Евгений Васильевич вышел из‑за стола. Поскрипывали новые нерастоптанные сапоги, и он досадливо кривил толстые губы. Он уже отрешился от дневных забот, мысленно был рядом с пятилетним внуком. Собрались с ночевкой за Волгу. Палатка уложена. Снасти подобраны. Жена заготовила еду. Два дня порыбалить, побродить по золотистым перелескам, посидеть у костра с ухой... Жуков опустился на диван с дерматиновым покрытием, хлопнул широкой ладонью по валику‑подлокотнику:

– Посидим, Владимир Львович?

– Бывает, понимаете, товарищ майор, ситуация. –

Бардышев прохаживался у стола. – Весь день удачен. Настроение небесное. И – ложка дегтю! У вас такое бывает?

– Сколько угодно – се ля ви, как теперь можно выразиться по‑французски... А что за деготь, если не секрет?

– Иду по перрону.
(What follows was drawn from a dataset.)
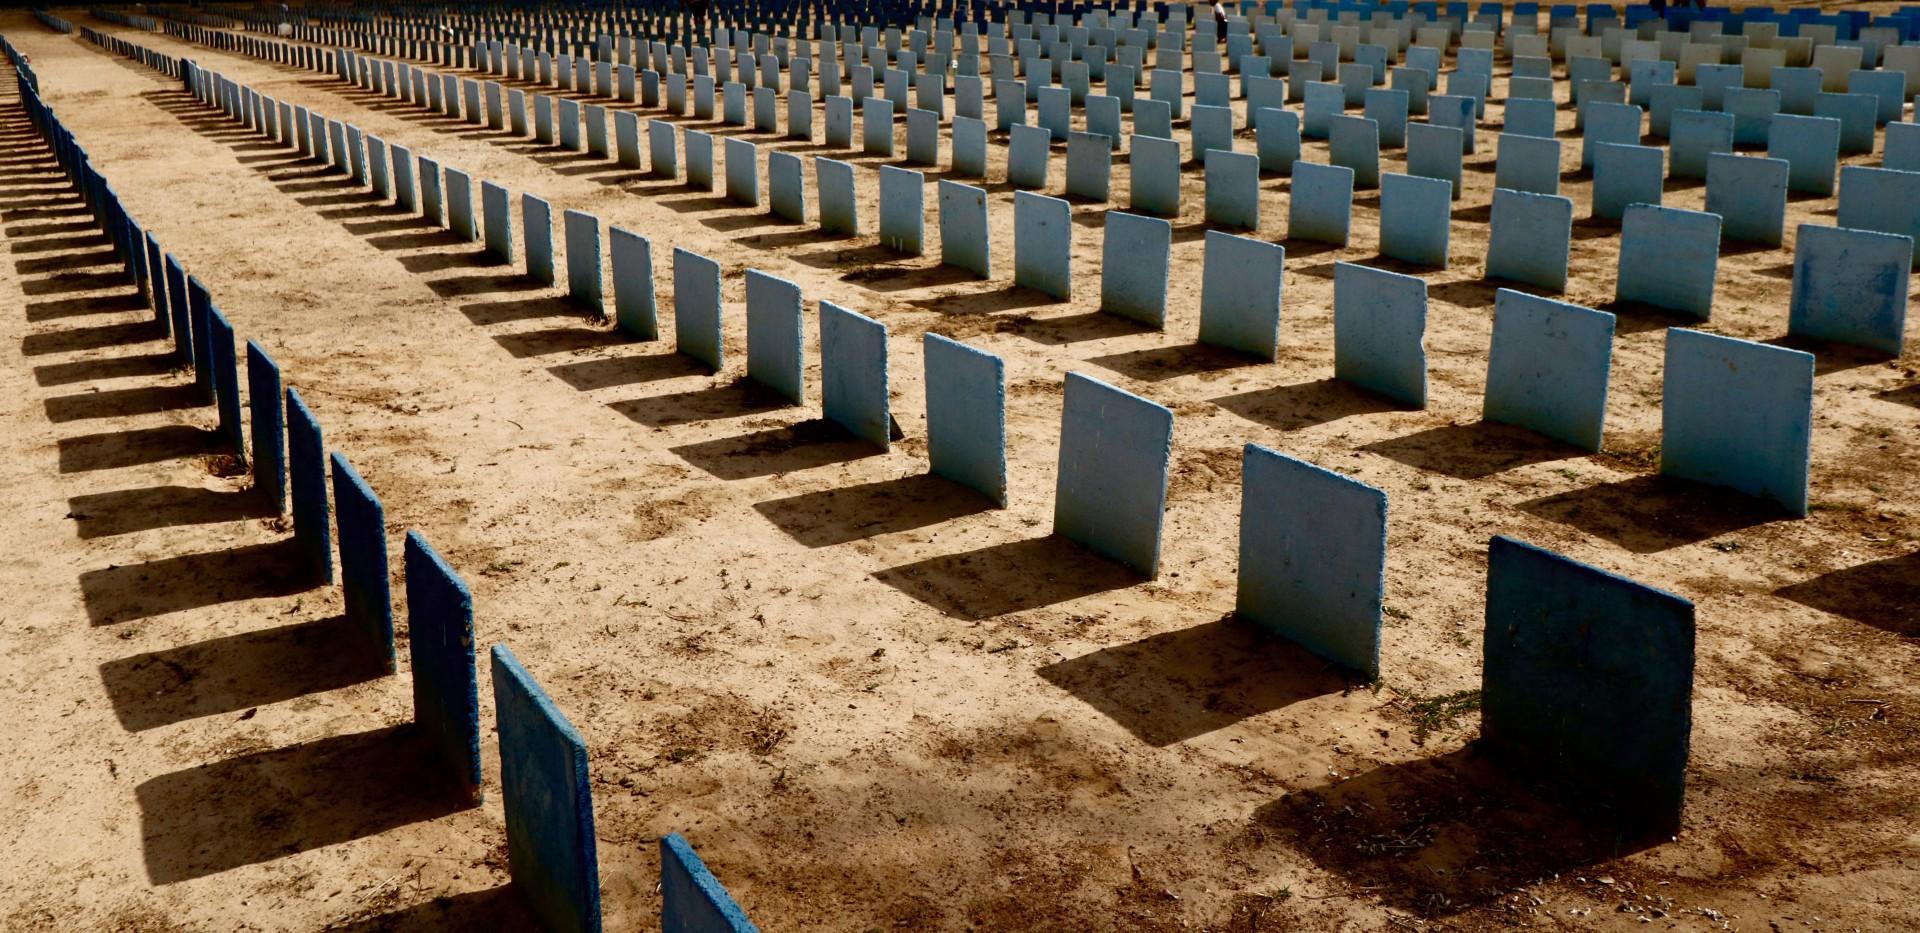 Lápides no cemitério Bom Jardim - coronavirus (Foto: FABIO LIMA)
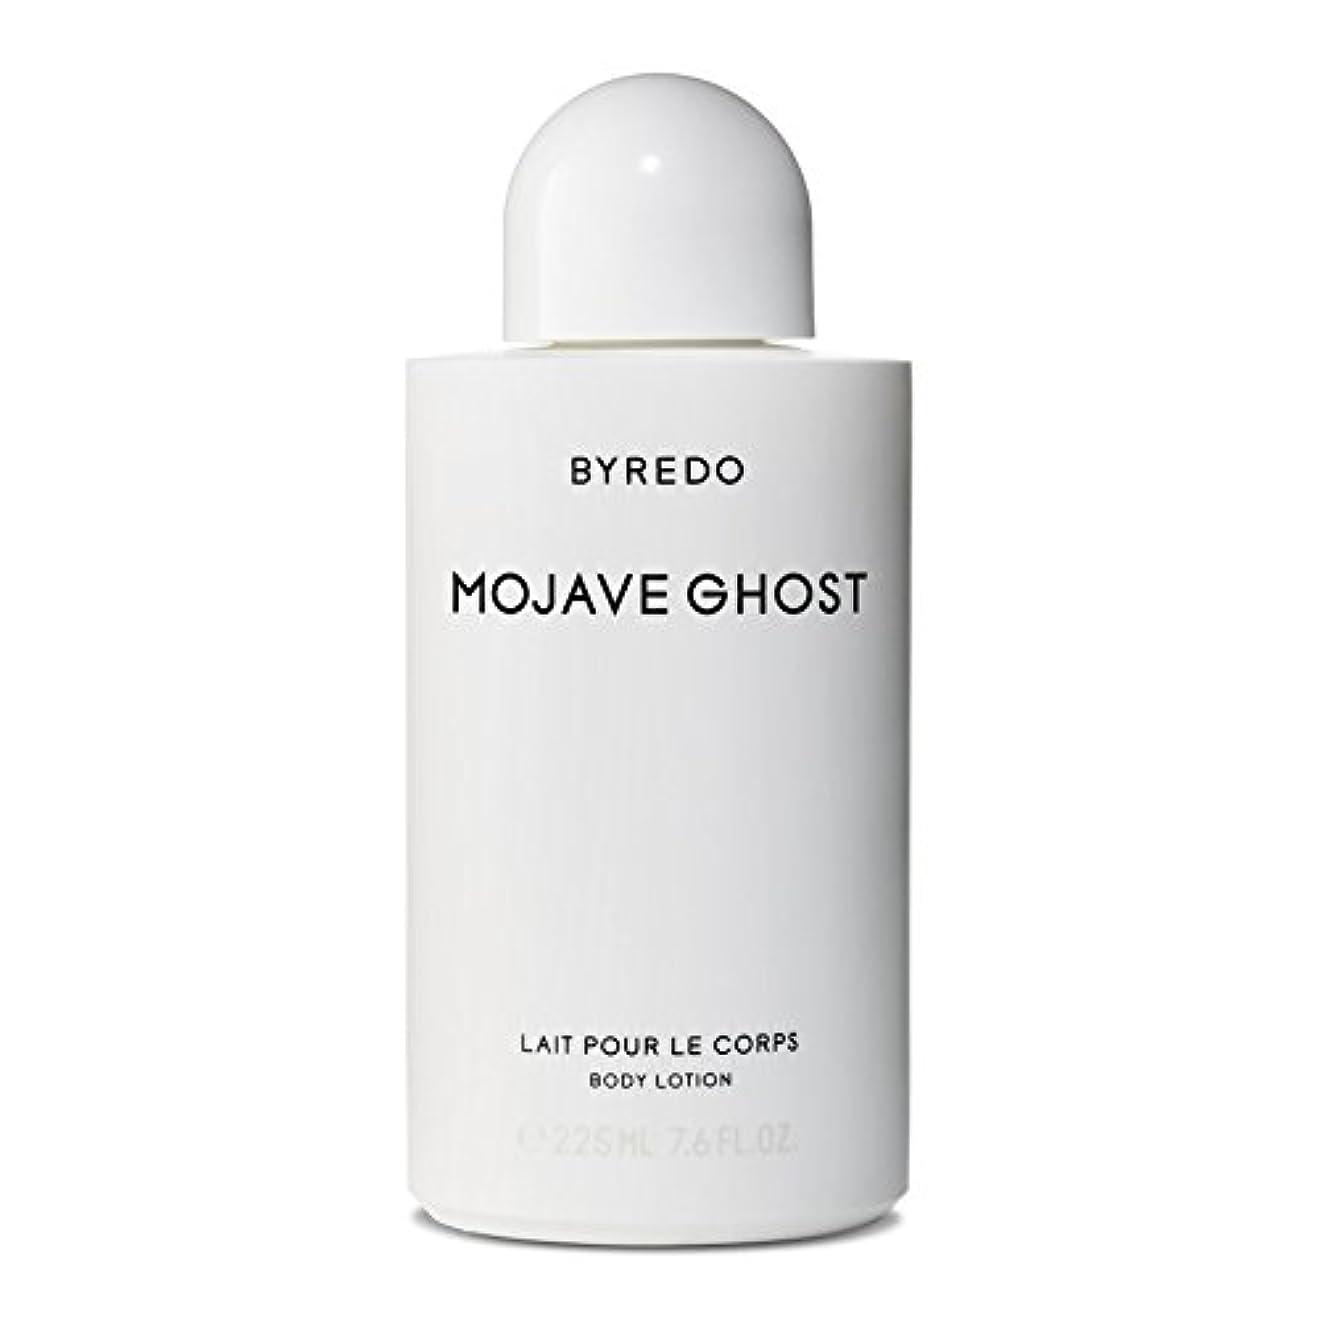 自発反映する気難しいByredo Mojave Ghost Body Lotion - モハーベゴーストボディローション [並行輸入品]

Прибыл «Южный Урал». Старушка с билетом: «Какой вагон, милок?» – «Третий, бабуся!». Но проводник загородил двери: «Мест нет!» – «У меня билет, сердешный, куплен...». Старушенция растерянно топта­лась – поклажа через плечо гнула к земле. Билет у нее действительно был в третий вагон. Бардышев о чем‑то задумался, потирая острый подбородок, бросил бумажный катышек в корзину с бумагами. – Не переношу беспо­мощности таких стариков. Свою маманю вспоминаю...

– Ну, отправили ее?

– Да!.. Товарищ майор! – Бардышев воскликнул, что‑то вспомнив, и опустился на стул. – А если это повторение истории с «двойником»? Как же я сразу на платформе не сообразил?

Жуков вернулся за стол, погладил свои редковатые волосы.

– Выкладывайте без загадок, товарищ лейтенант!

С месяц назад, в летний пик пассажирских перевозок,

у купейного вагона фирменного поезда «Жигули» возник скандал: на 21‑е место претендовали два пассажира. Девушка с миловидным лицом, в модной красной кофточке, обвиняла железнодорожников в нерадении, в издевательстве над людьми. Бригадир поезда держал в руке два билета. Число, время, вагон, компостер – все совпадало. «Ну недотепы!» – мысленно осуждал он билетных кассиров. Модная пассажирка грозила жалобой и не собиралась уступать право ехать на нижней полке. Ее соперник, пожилой человек с отечным лицом и толстым портфелем под мышкой, соглашался миролюбиво: «По­местите меня, куда вы считаете возможным». – «У меня есть незанятое место»,– выручила проводница из седьмо­го вагона. Бригадир облегченно вздохнул...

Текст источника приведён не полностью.